The calculator applies the standard relationship implied by the inputs, then formats the answer so it can be checked and reused. For finance tools, the most important step is using consistent units, rates, time periods, and assumptions before comparing the result with another calculator or outside quote.

Example workflow

For example, start with a realistic value you already know, change one input at a time, and watch how the answer moves. That makes it easier to tell whether the result is being driven by the main amount, the rate, the time period, or a unit conversion.

Practical checks

  • Use current, real-world numbers when the result affects money, health, tax, or legal decisions.
  • Run a low, base, and high case when the inputs are estimates.
  • Check the related calculators below when the next decision depends on a different assumption.

How to interpret the house hacking result

Best use

Use the result as a planning number for comparing payments, rates, returns, tax reserves, or cash-flow choices before you request a quote or make a commitment.

Cross-check

Compare the answer with the contract, lender estimate, tax form, brokerage statement, payroll record, or invoice that will control the real-world outcome.

Watch for

Do not rely on a single optimistic rate, return, or fee assumption. Money pages work best when you run low, base, and high cases and keep professional advice separate from the estimate.

This page belongs to the Finance calculator library, so the answer should be read in the context of the decision you are modeling rather than as a universal rule.

Before relying on this house hacking estimate

Most calculator mistakes come from the inputs, not the arithmetic. Use this short audit before you reuse the answer in a spreadsheet, quote, application, or important conversation.

Confirm source numbers

Match balances, rates, fees, taxes, income, and payment dates against the lender quote, payroll record, tax form, statement, invoice, or contract.

Separate cash flow from total cost

A lower monthly payment can still cost more over time if fees, interest, taxes, or a longer term are hidden in the structure.

Run conservative cases

Test at least one higher-cost or lower-return case before using the output for a purchase, refinance, investment, loan, or tax decision.

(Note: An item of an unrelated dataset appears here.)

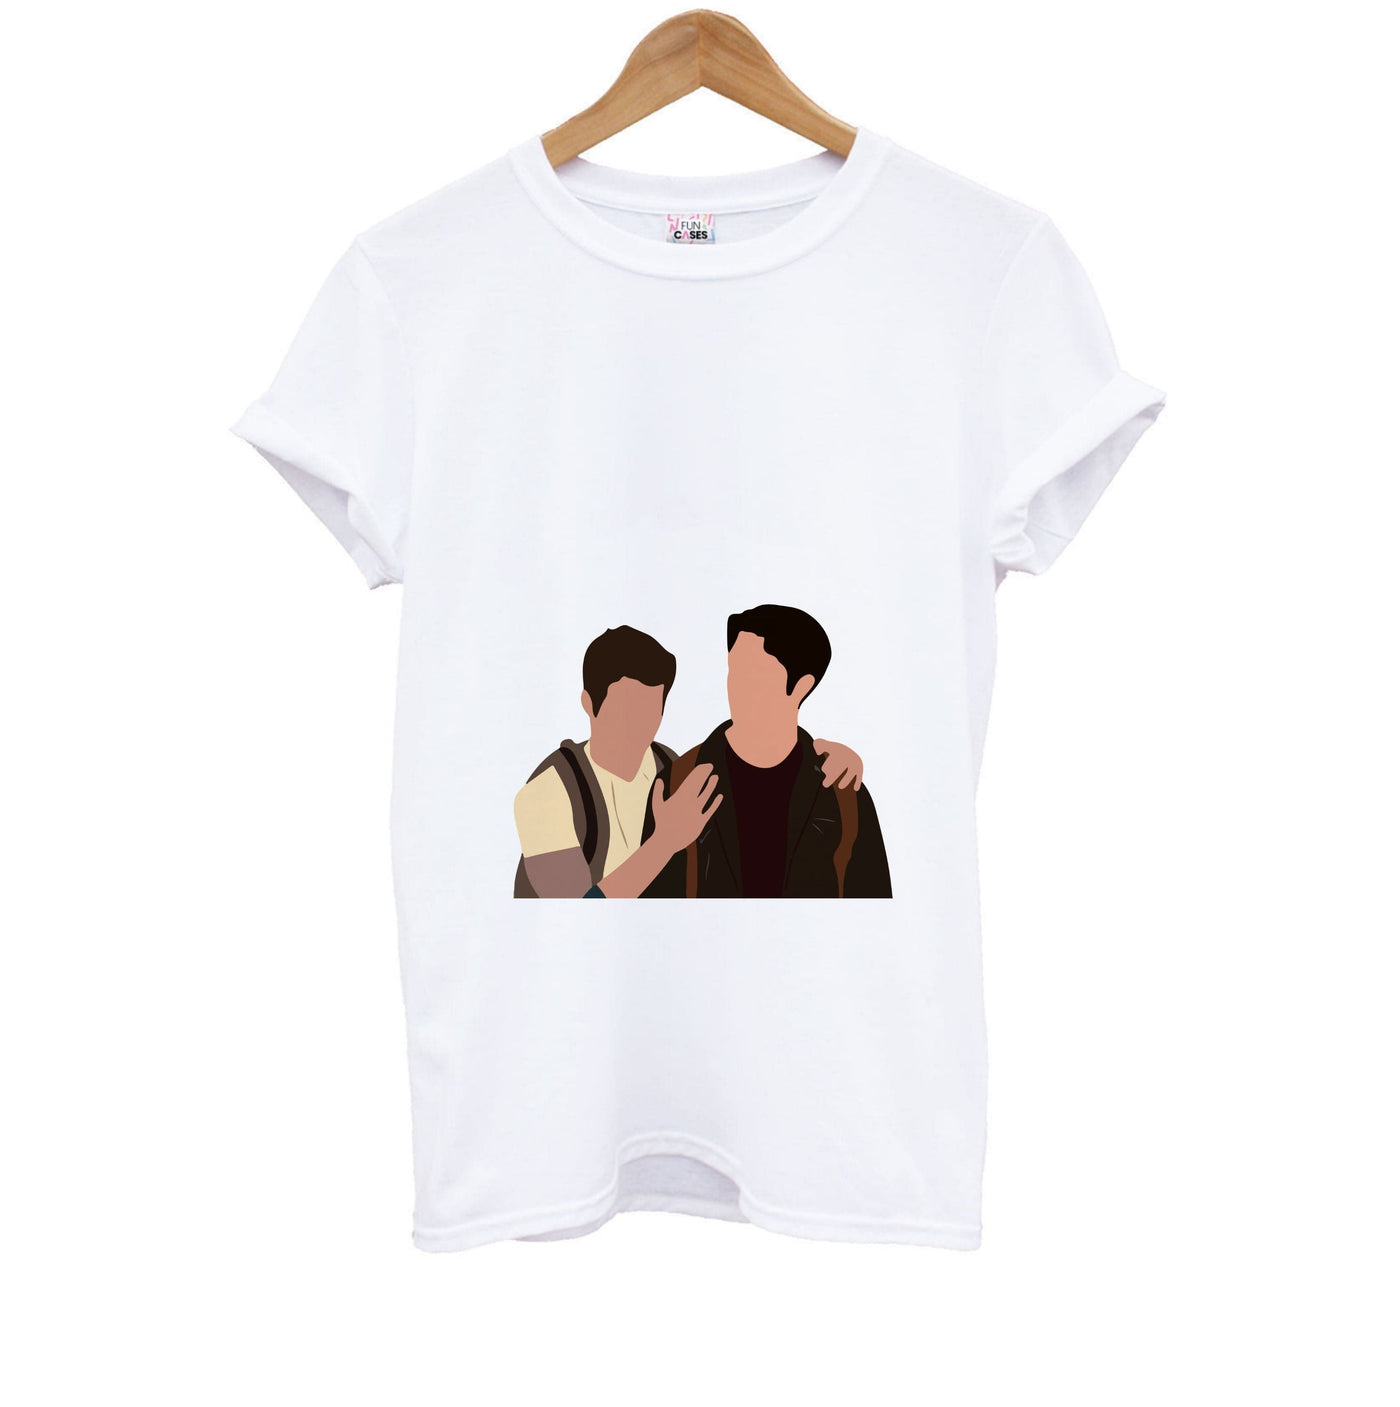 Scott and Stiles - Teen Wolf  Kids T-Shirt

Rerun this page when the rate, price, term, fee, tax rule, income, expense, or expected holding period changes.

How to Use

  1. Enter purchase price, down payment %, rate — FHA allows 3.5% down on owner-occupied properties up to 4 units.
  2. Enter full monthly PITIA (principal + interest + tax + insurance + HOA/association).
  3. Enter total units and units you'll rent out.
  4. Enter average rent per unit and vacancy assumption.

Frequently Asked Questions

Can I use FHA for a fourplex?

Yes — FHA allows 3.5% down on 1–4 unit owner-occupied properties with self-sufficiency ratios. VA allows 0% down. Conventional allows 5-15% down depending on units. All require you live in one unit for at least one year.

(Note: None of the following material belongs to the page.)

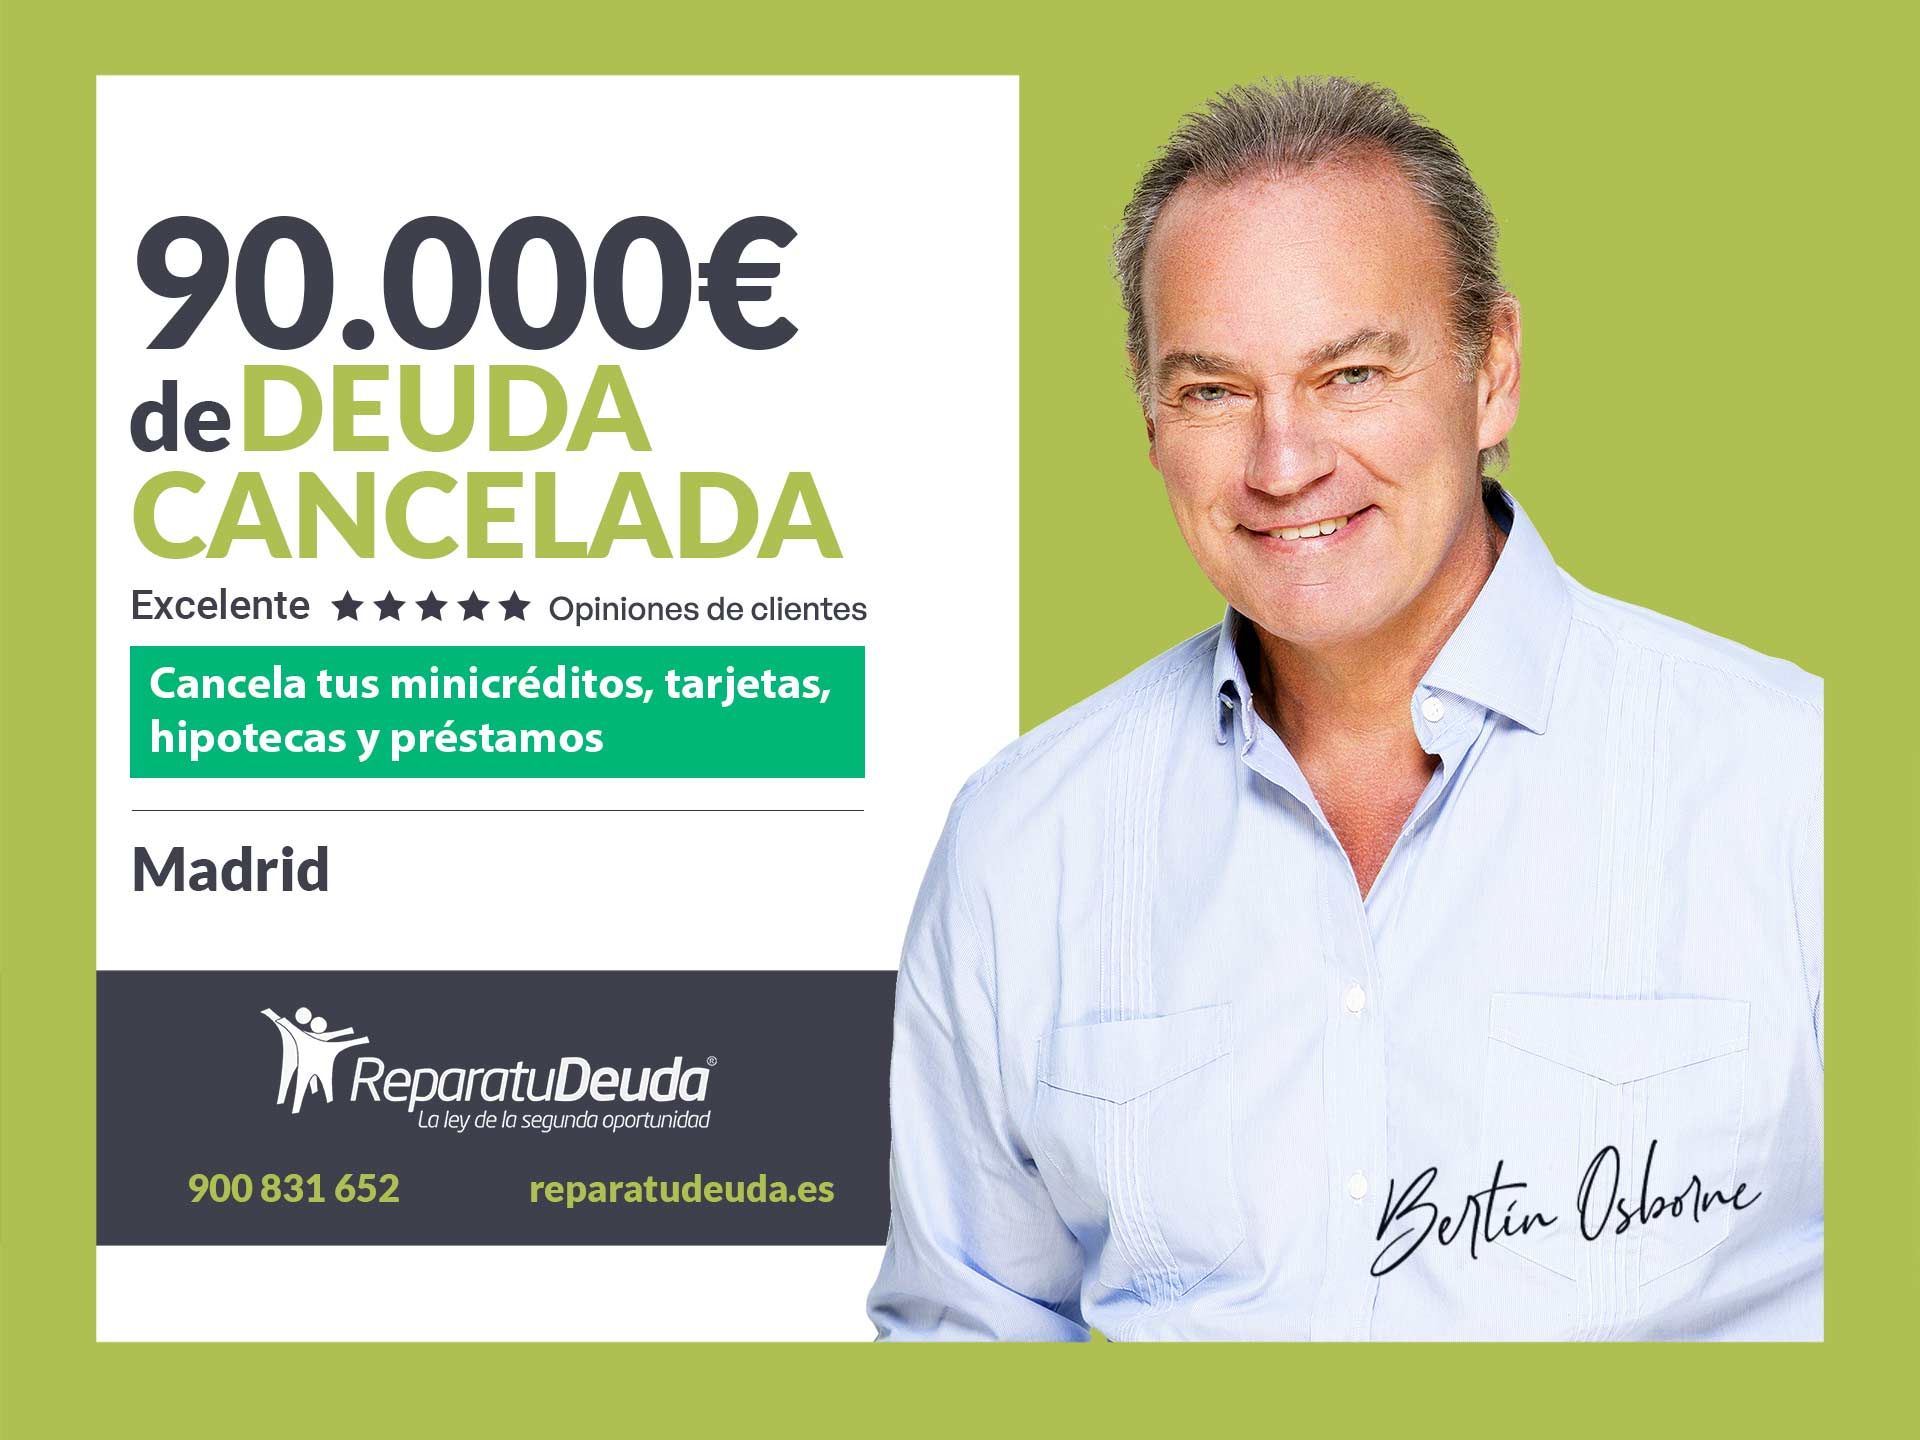 Repara tu Deuda Abogados cancela 90.000? en Madrid con la Ley de Segunda Oportunidad

Can I count tenant rent toward qualifying?

Yes, on 2–4 unit properties. FHA and conventional allow 75% of market rent on vacant units and 75% of lease-documented rent on occupied units to count toward your debt-to-income ratio. This significantly expands buying power.

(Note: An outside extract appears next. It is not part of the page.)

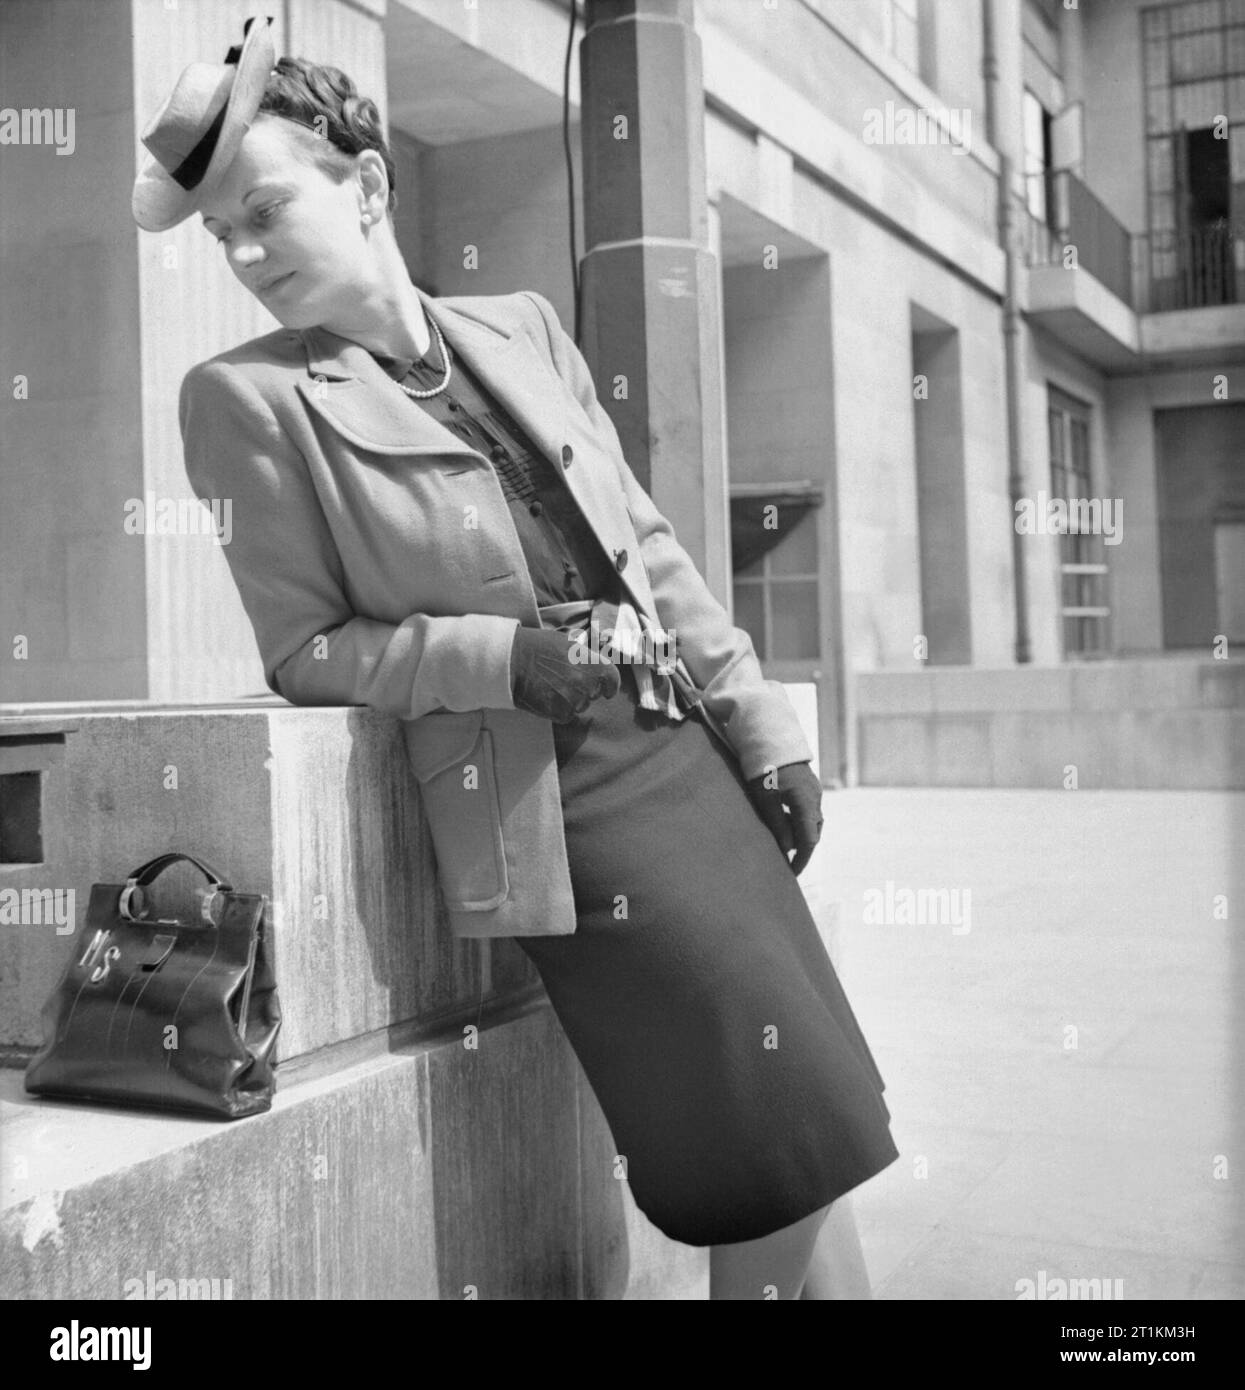 Wie eine britische Frau Kleider in Kriegszeiten - Utility Kleidung in Großbritannien, 1943 ein Modell gegen eine niedrige Mauer lehnt, ihren Kopf schräg nach unten, weg von Ihrem Outfit zu zeigen. Sie trägt die Jacke von einem cyclamen Utility Anzug, gekauft von Dickins und Jones Ltd., für 18 Coupons und 82/2 d mit einem schwarzen Rock von einer anderen Farbe. Sie ist auch mit Hut und Handschuhe und ihre Handtasche ist Aufgestützt auf der Wand neben ihr. Dieses Foto wurde am Eingang zum Senat Haus genommen, dem Sitz des Ministeriums für Informationen. Stockfoto

What about a rent-by-room single family?

Works too — same math, different structure. Single-family owner-occupied plus renting rooms has fewer regulatory hoops than multi-unit but typically fewer rooms to rent (1–3 vs 3 in a fourplex).

When can I move out?

FHA requires 12 months owner occupancy. After that, you can move out, refinance to non-owner-occupied (if needed), and keep the property as a rental. Repeat the process on a new property — rinse and repeat for portfolio building.